____ Dataset content
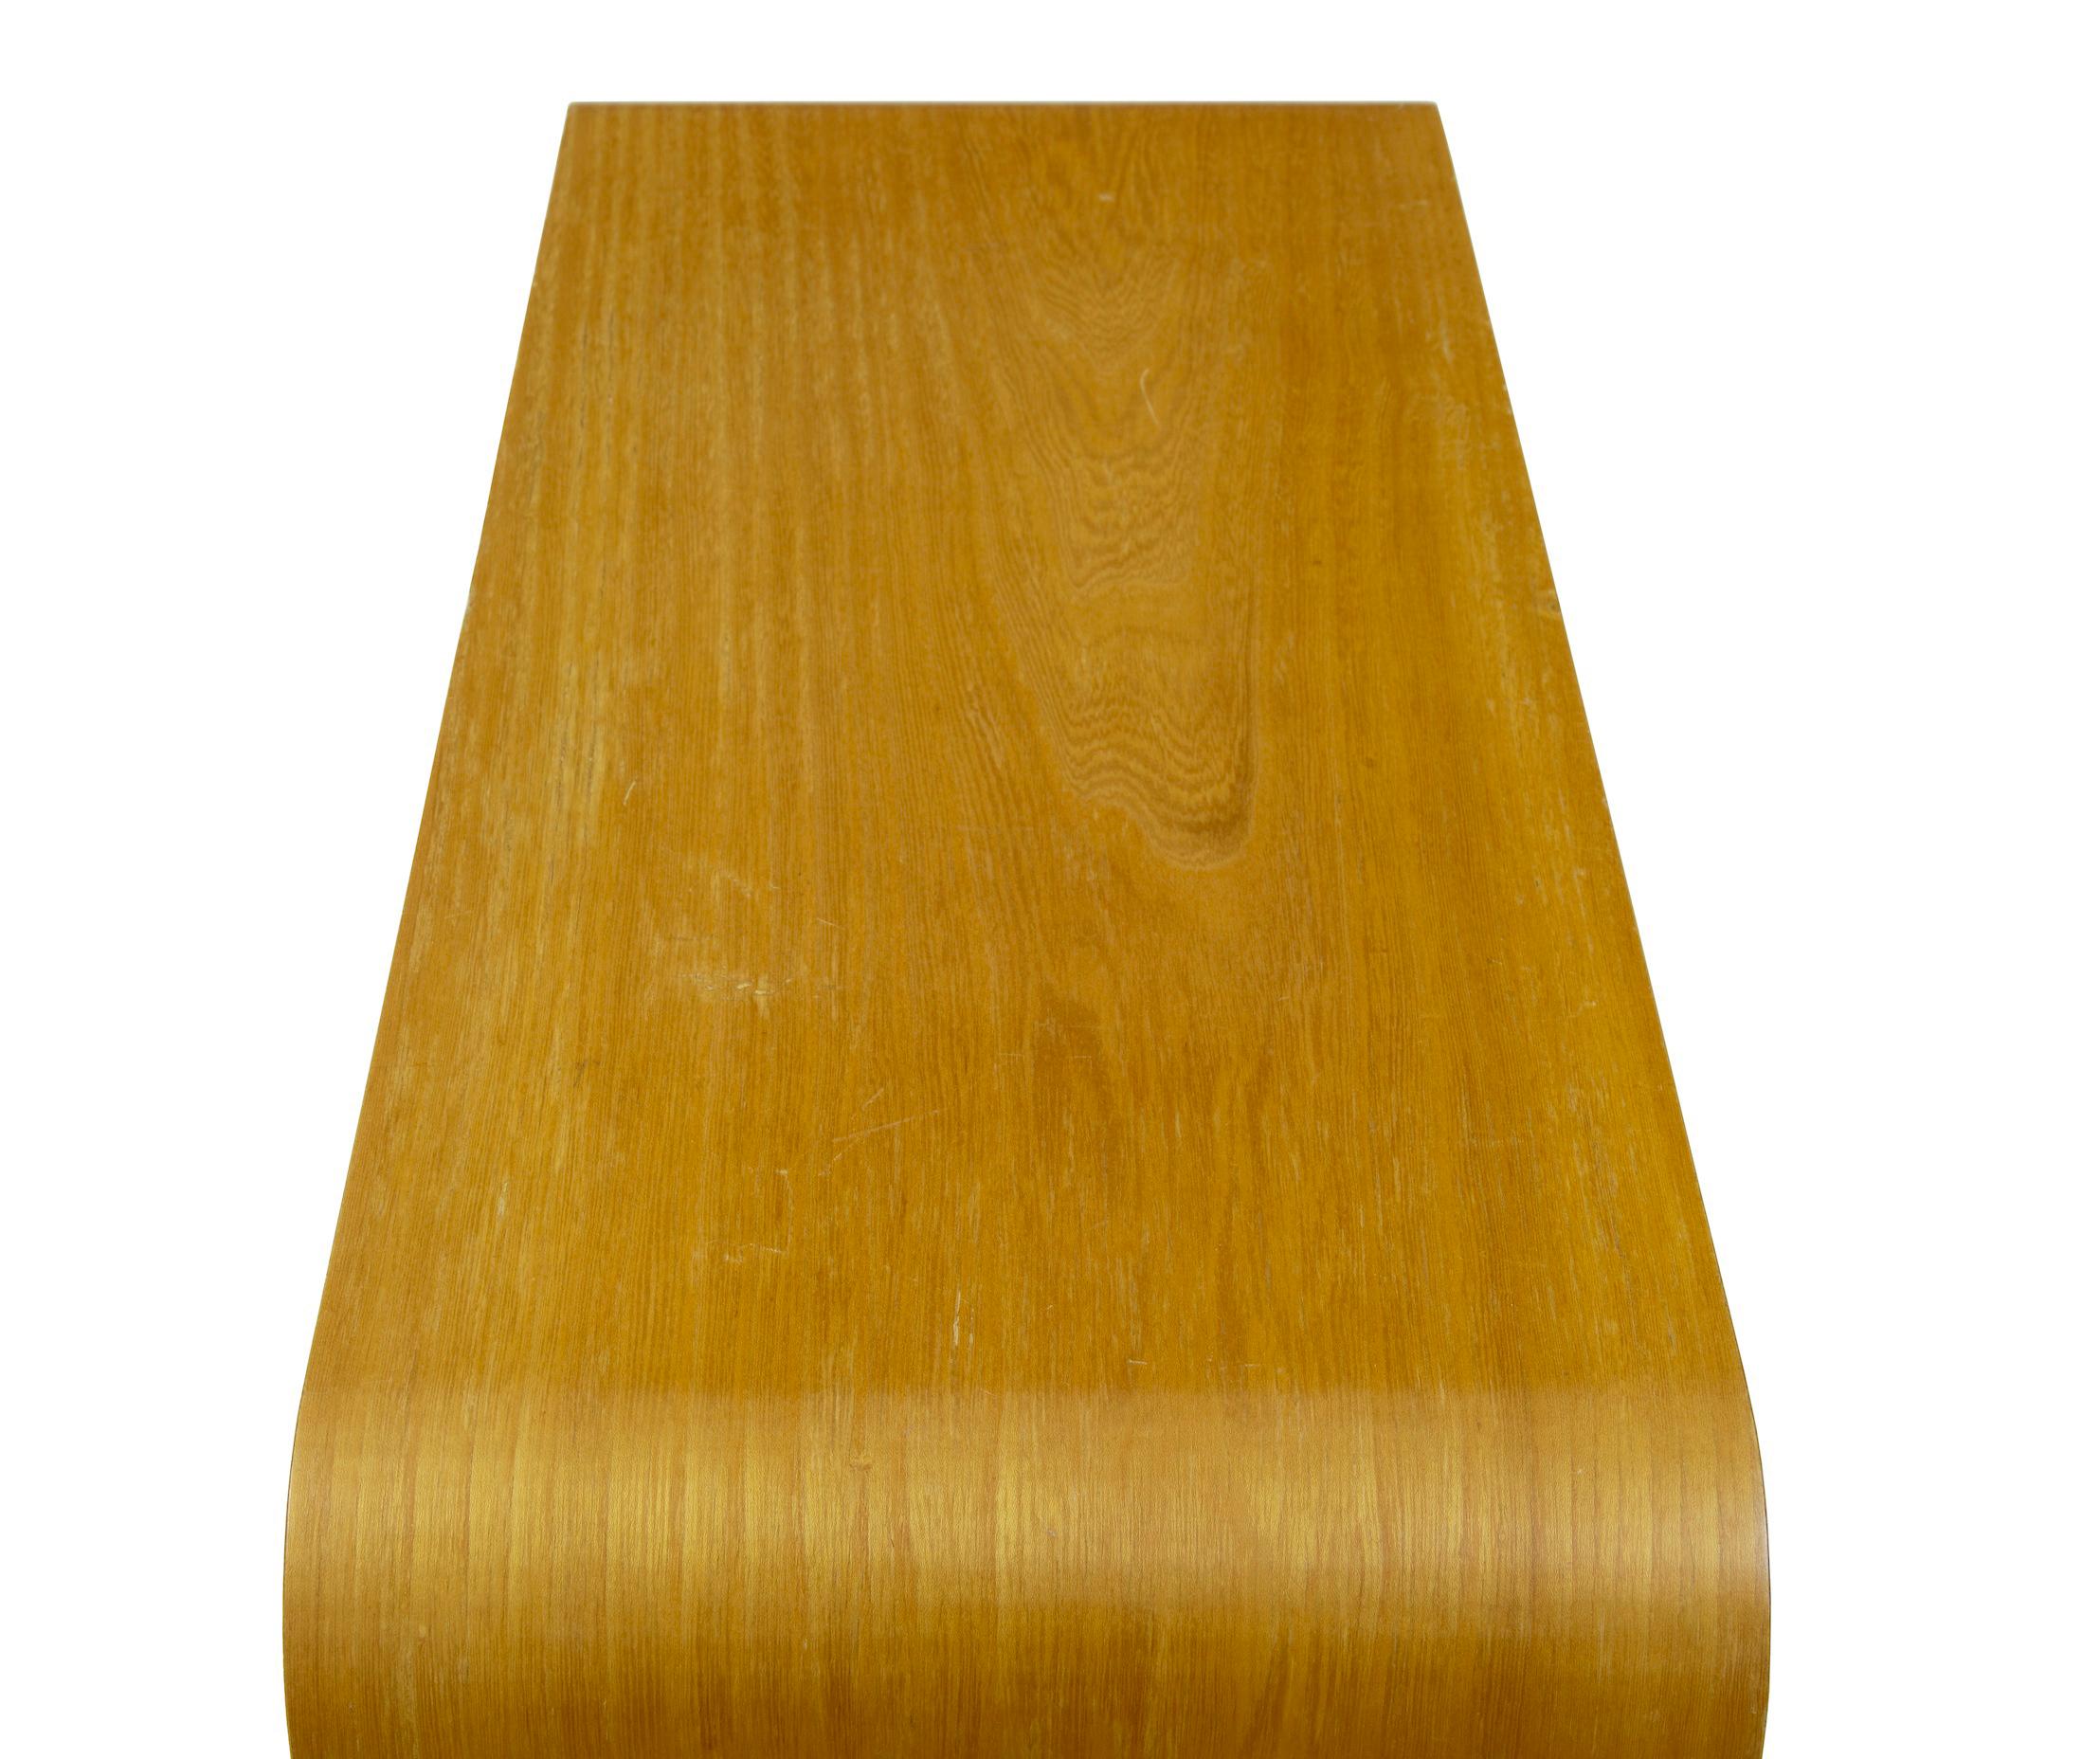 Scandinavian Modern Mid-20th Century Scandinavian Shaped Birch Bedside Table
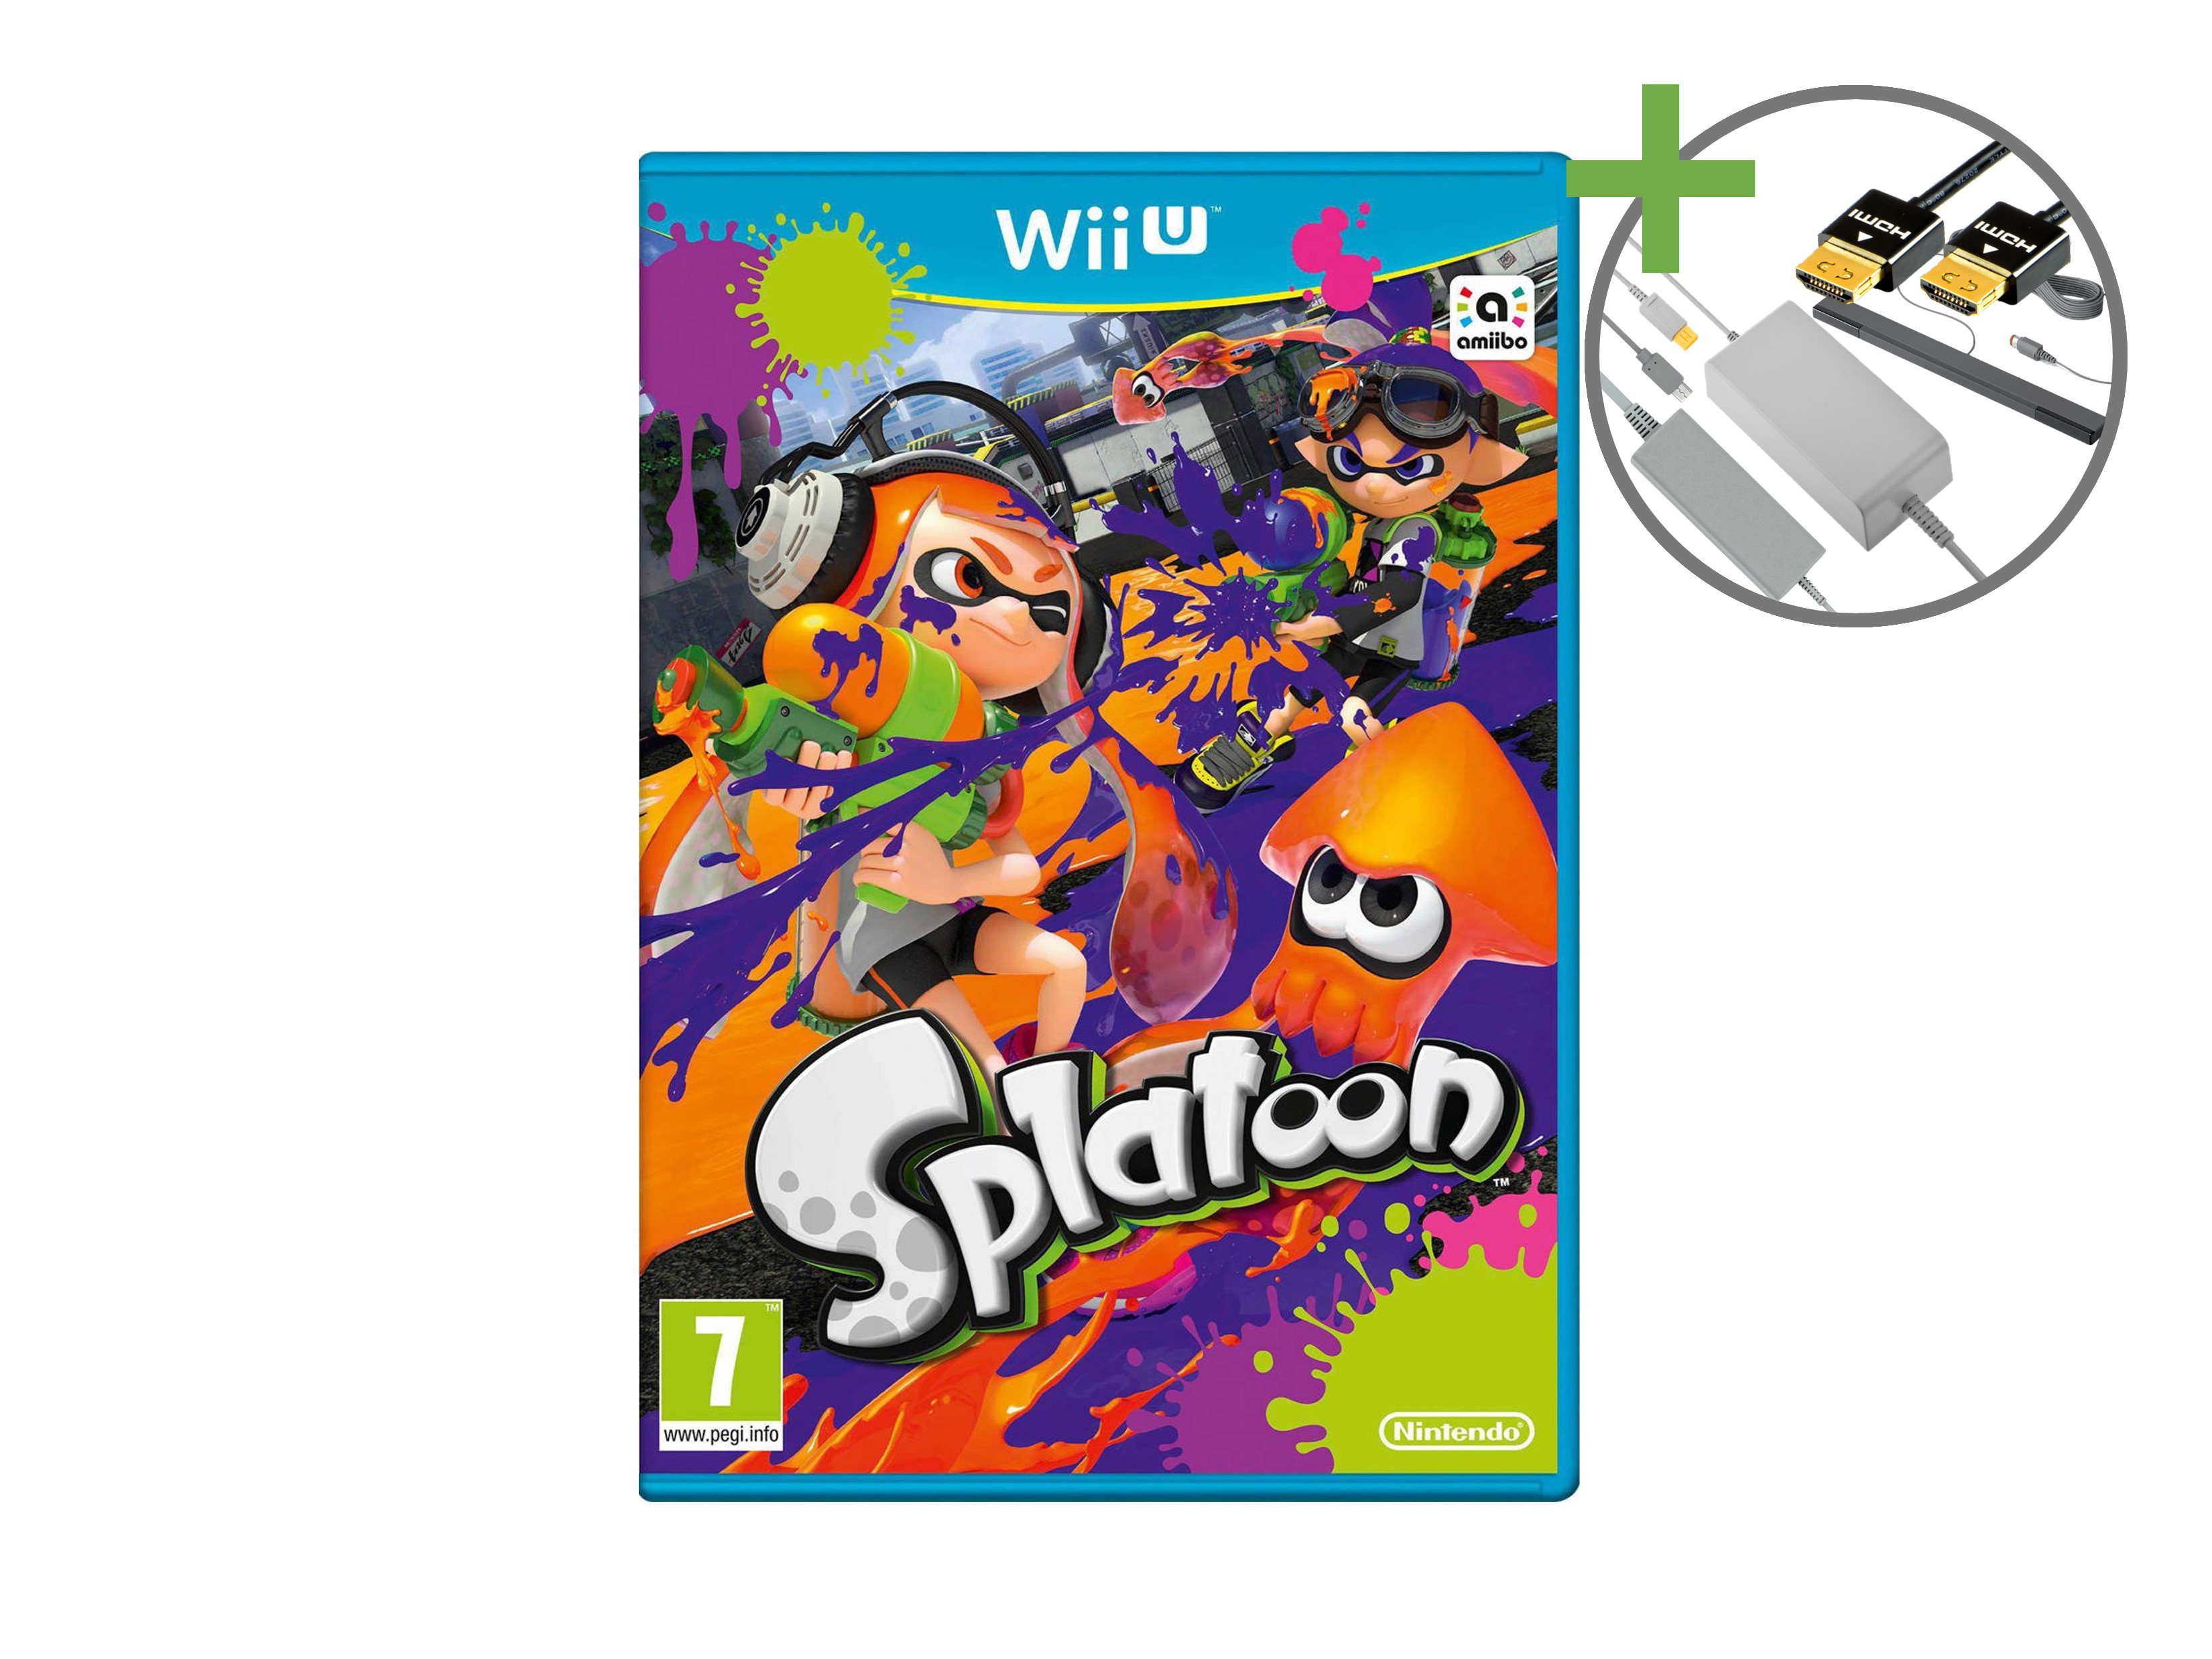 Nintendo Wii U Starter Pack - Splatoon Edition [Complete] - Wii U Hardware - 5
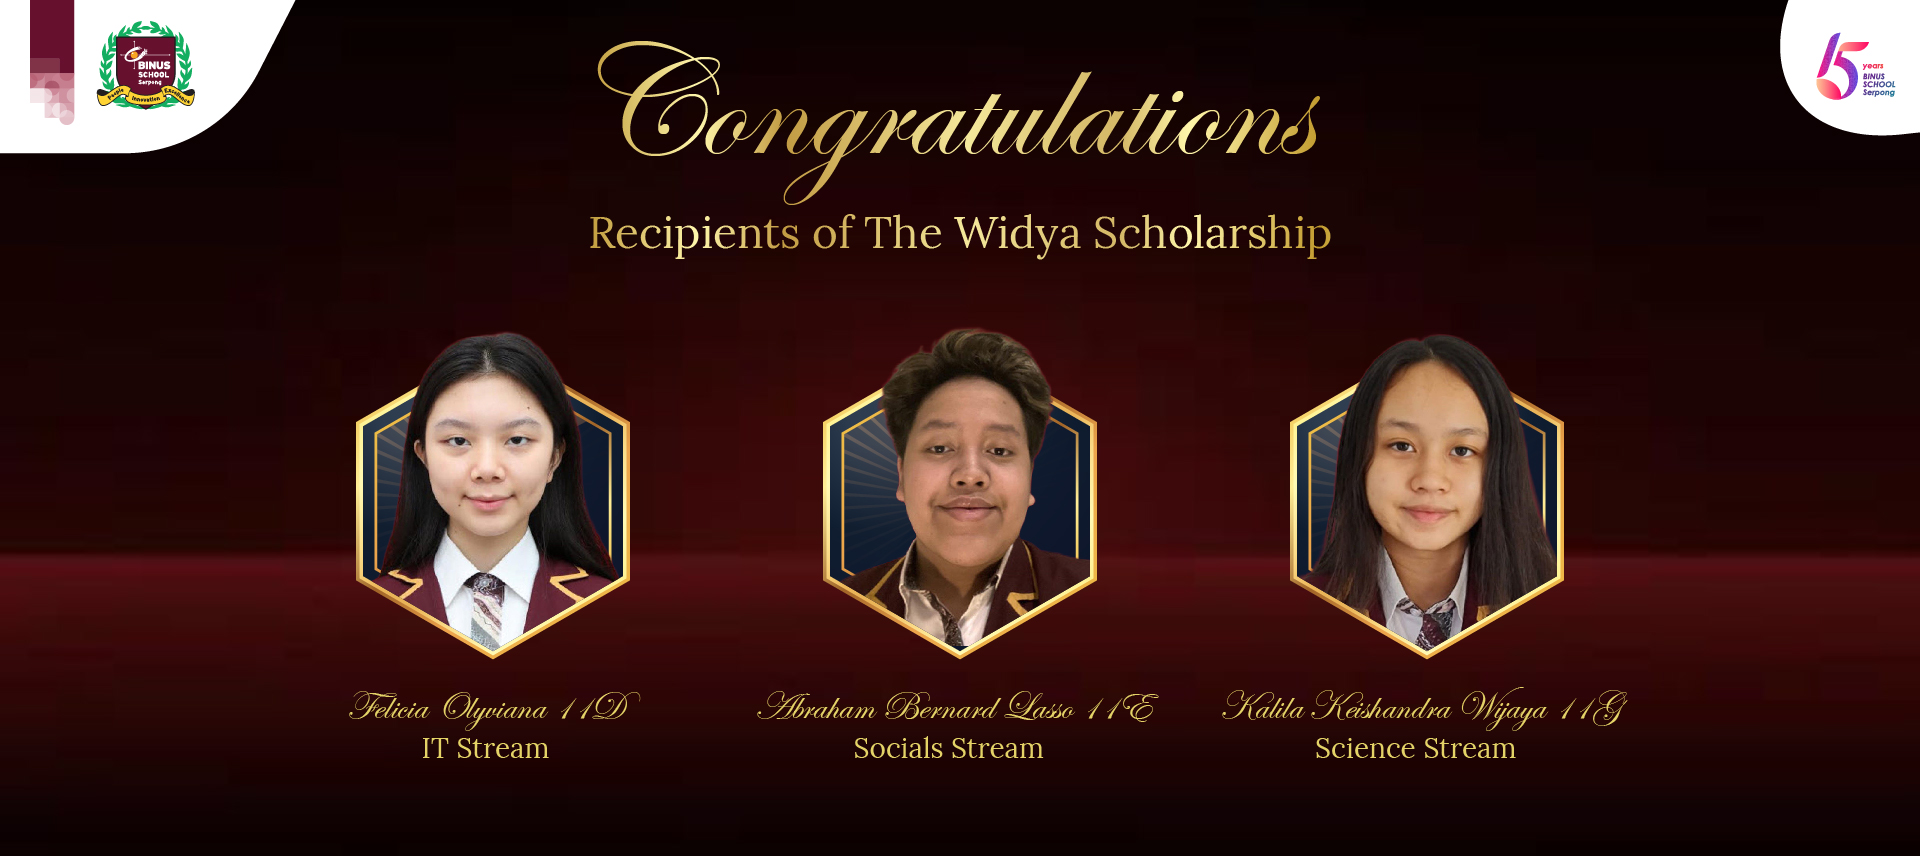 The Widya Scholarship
________
* _Task_:
Lines before the one containing "Nintendo Wii U" are not wanted; write out that line and every later line through the end of the data above, exactly, without pictures.

* _Solution to the problem_:
 Nintendo Wii U Starter Pack - Splatoon Edition [Complete] - Wii U Hardware - 5
 The Widya Scholarship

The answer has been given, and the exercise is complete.